> [Exercise data]:
----
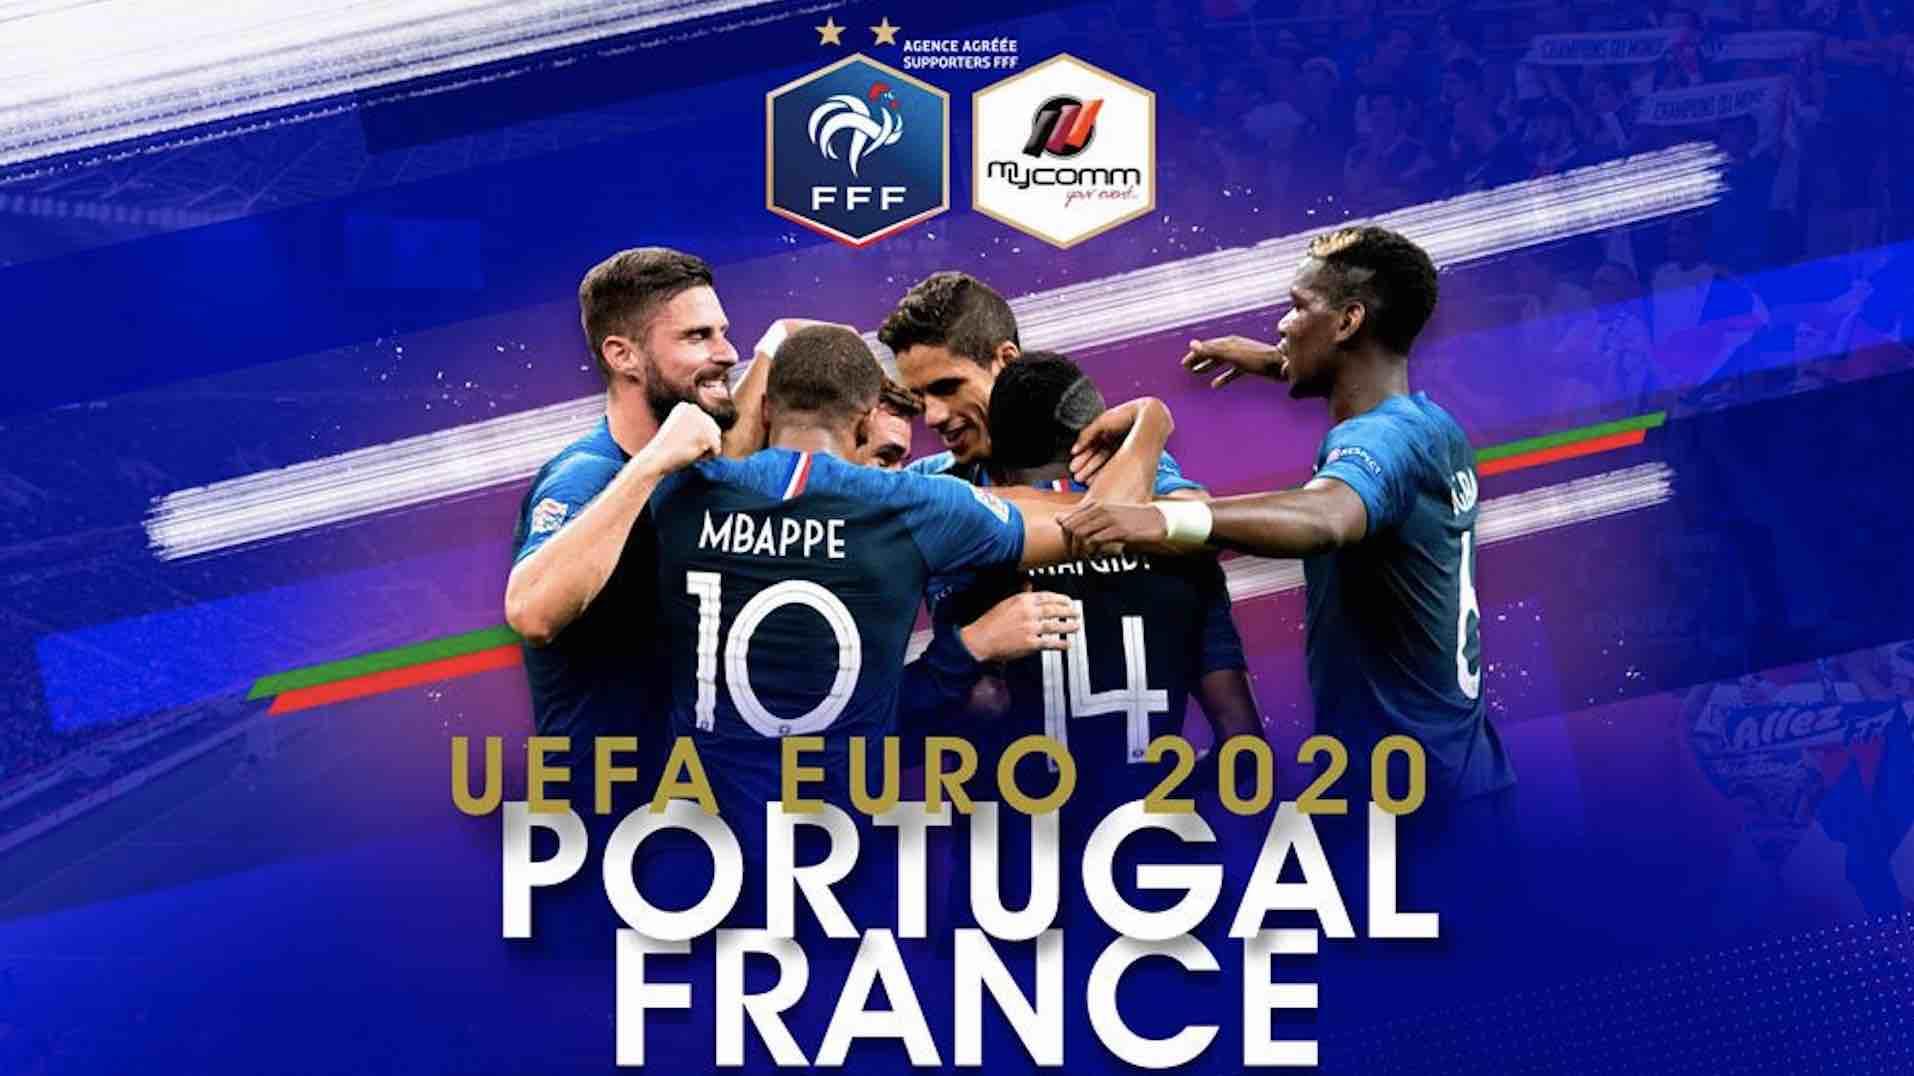 Portugal France - Euro 2020 - TF1 -
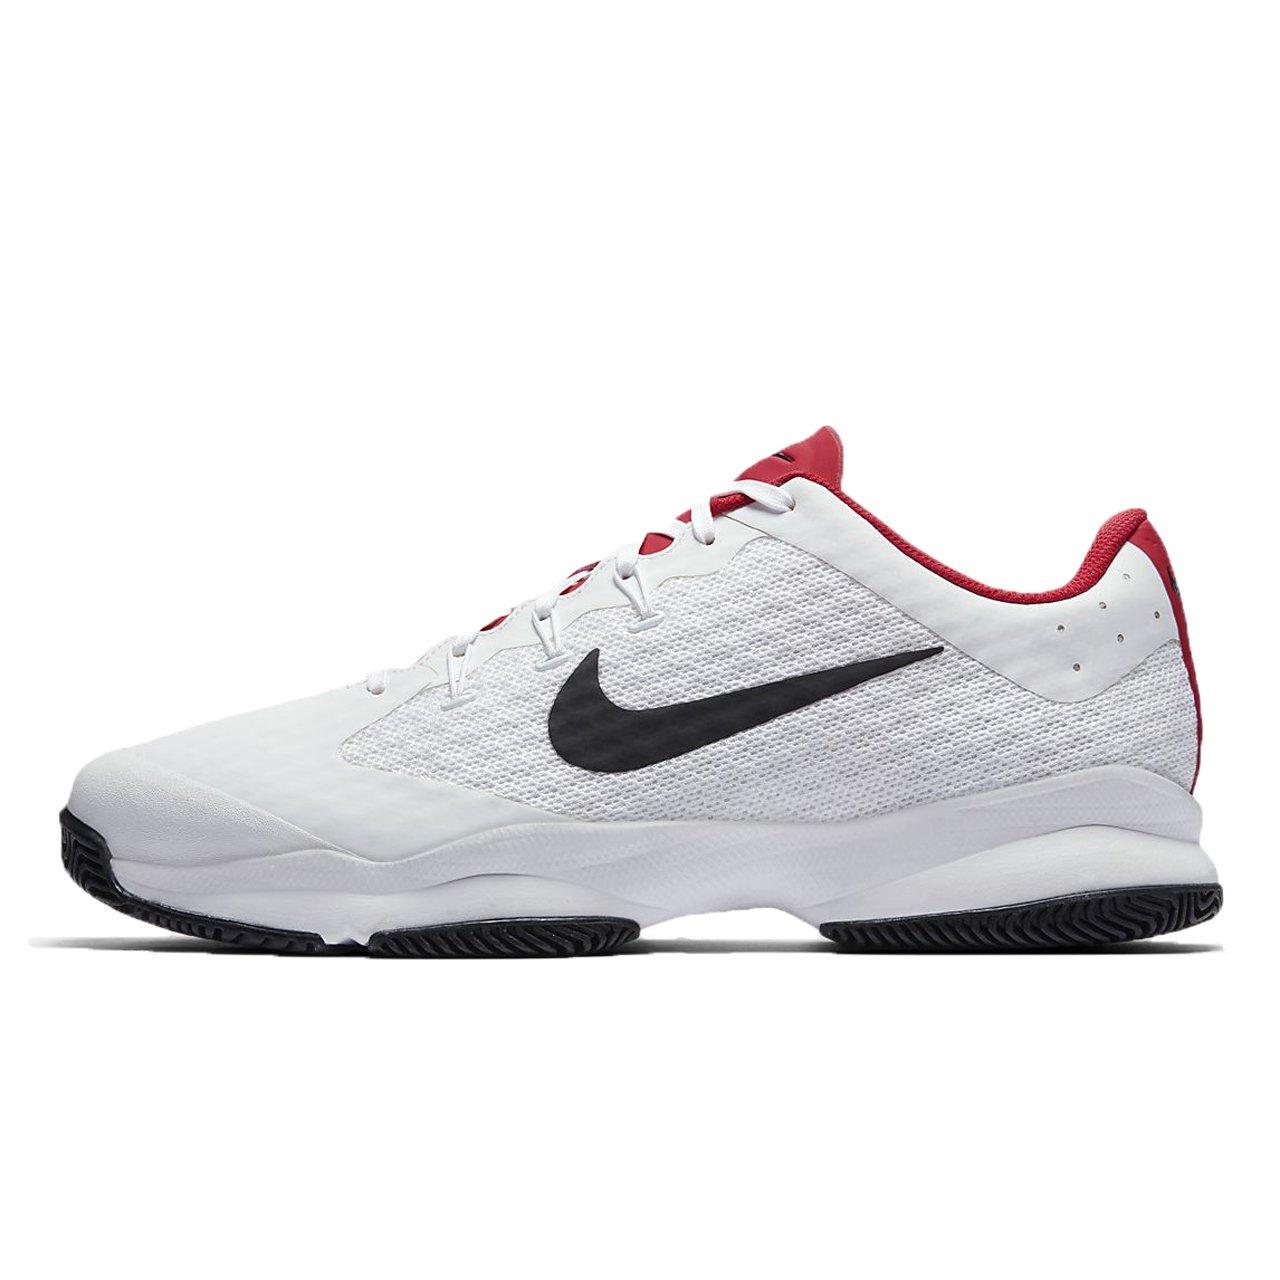 NIKE Men's Air Zoom Ultra Tennis Shoe B071SDF4J6 11.5 M US|White/Black/University Red
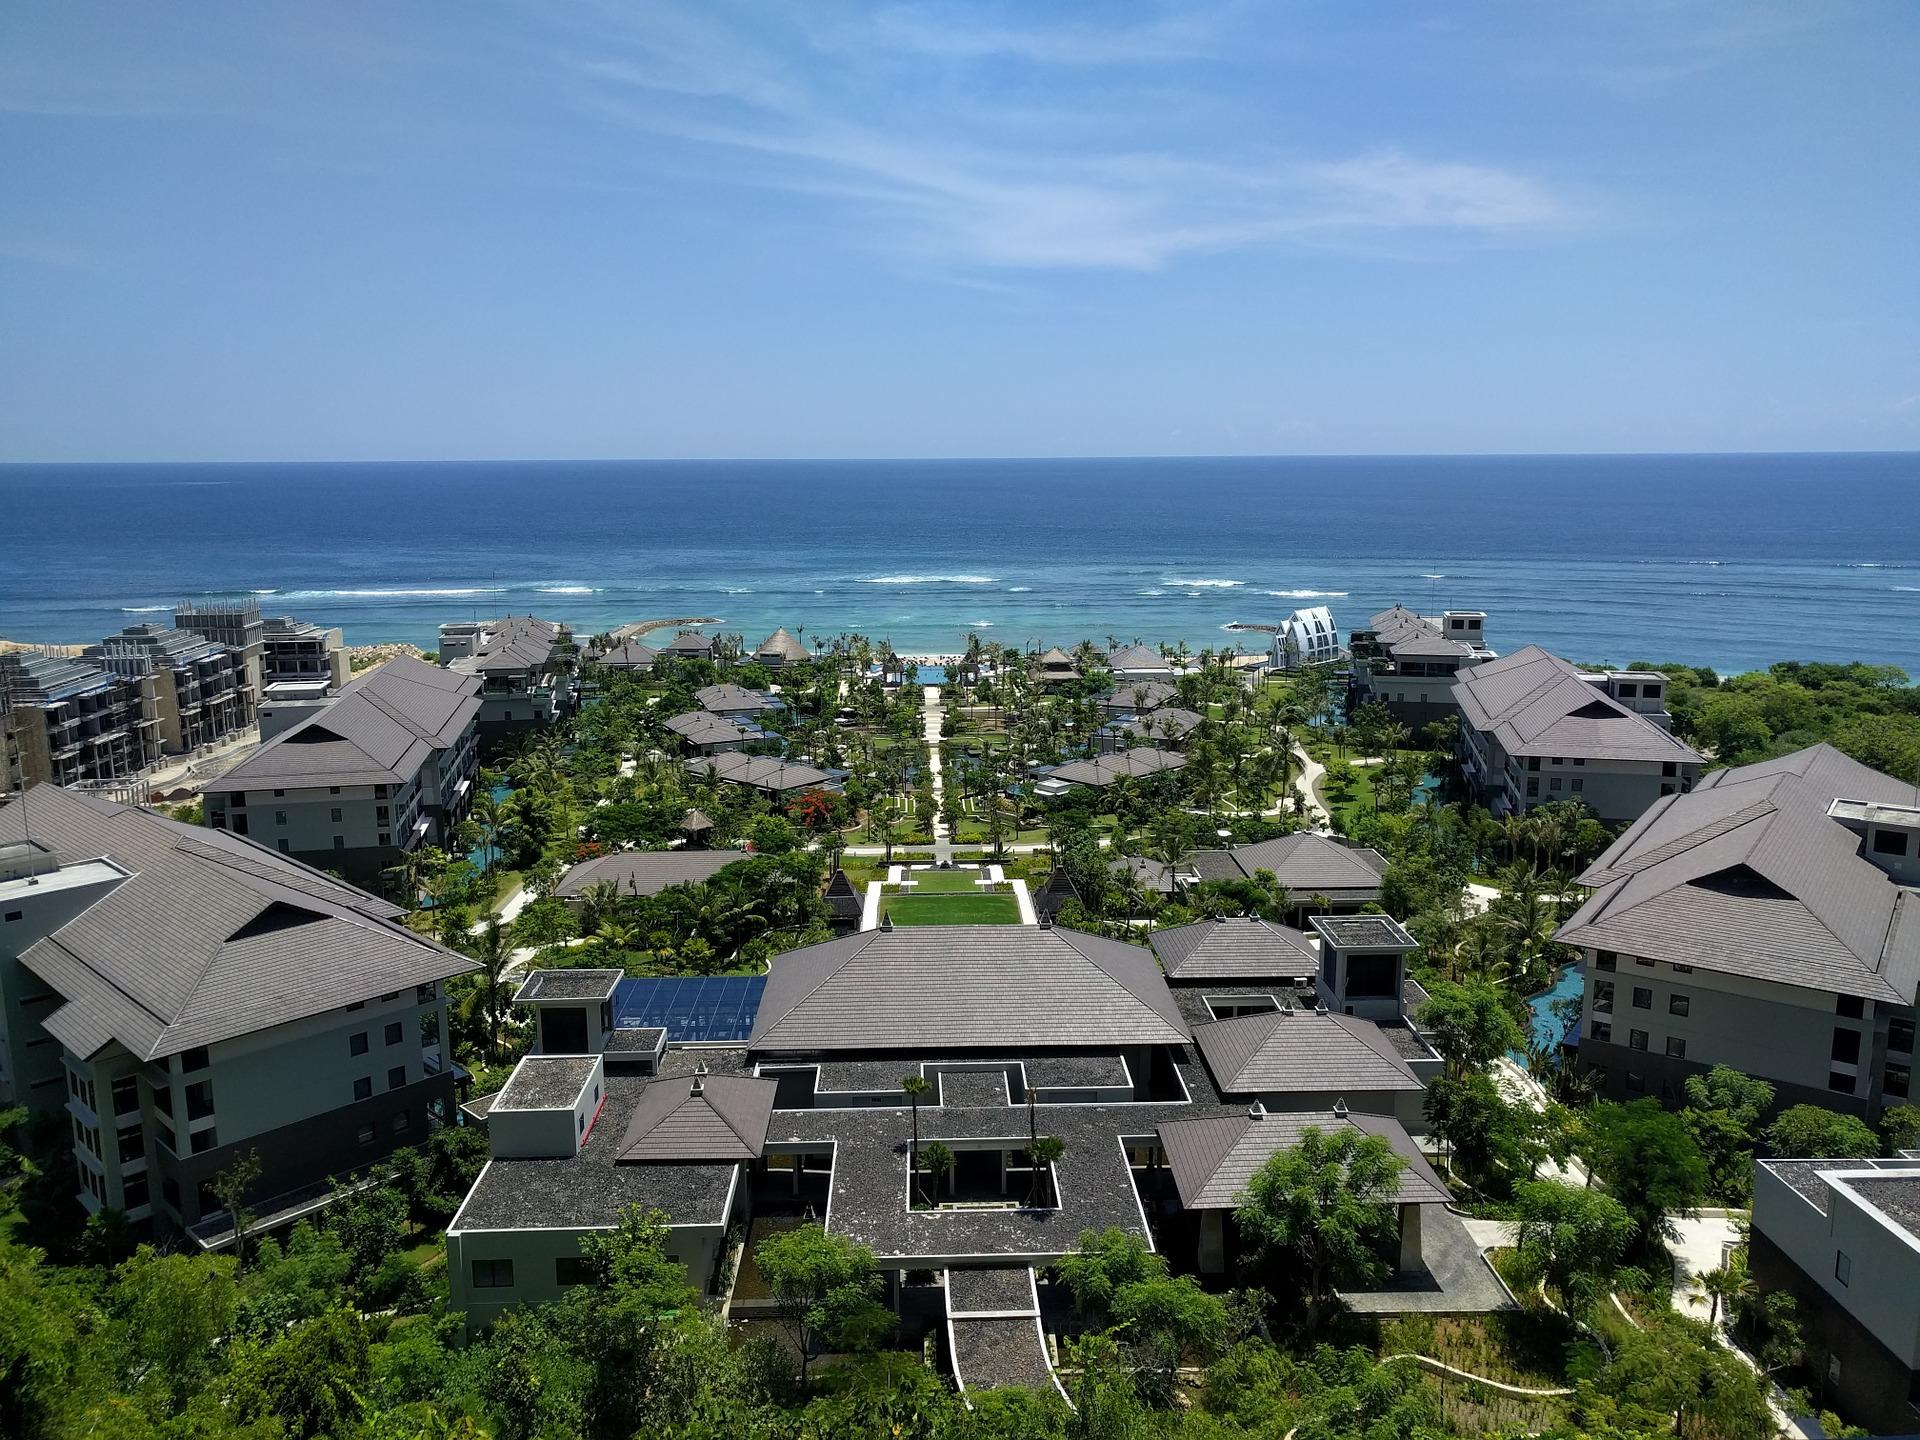 Hotels in Bali, Indonesia
----
> [Exercise objective]: Exactly as given, transcribe every line of the data, but not its images.

> [Task solution]:
 Portugal France - Euro 2020 - TF1 -
 NIKE Men's Air Zoom Ultra Tennis Shoe B071SDF4J6 11.5 M US|White/Black/University Red
 Hotels in Bali, Indonesia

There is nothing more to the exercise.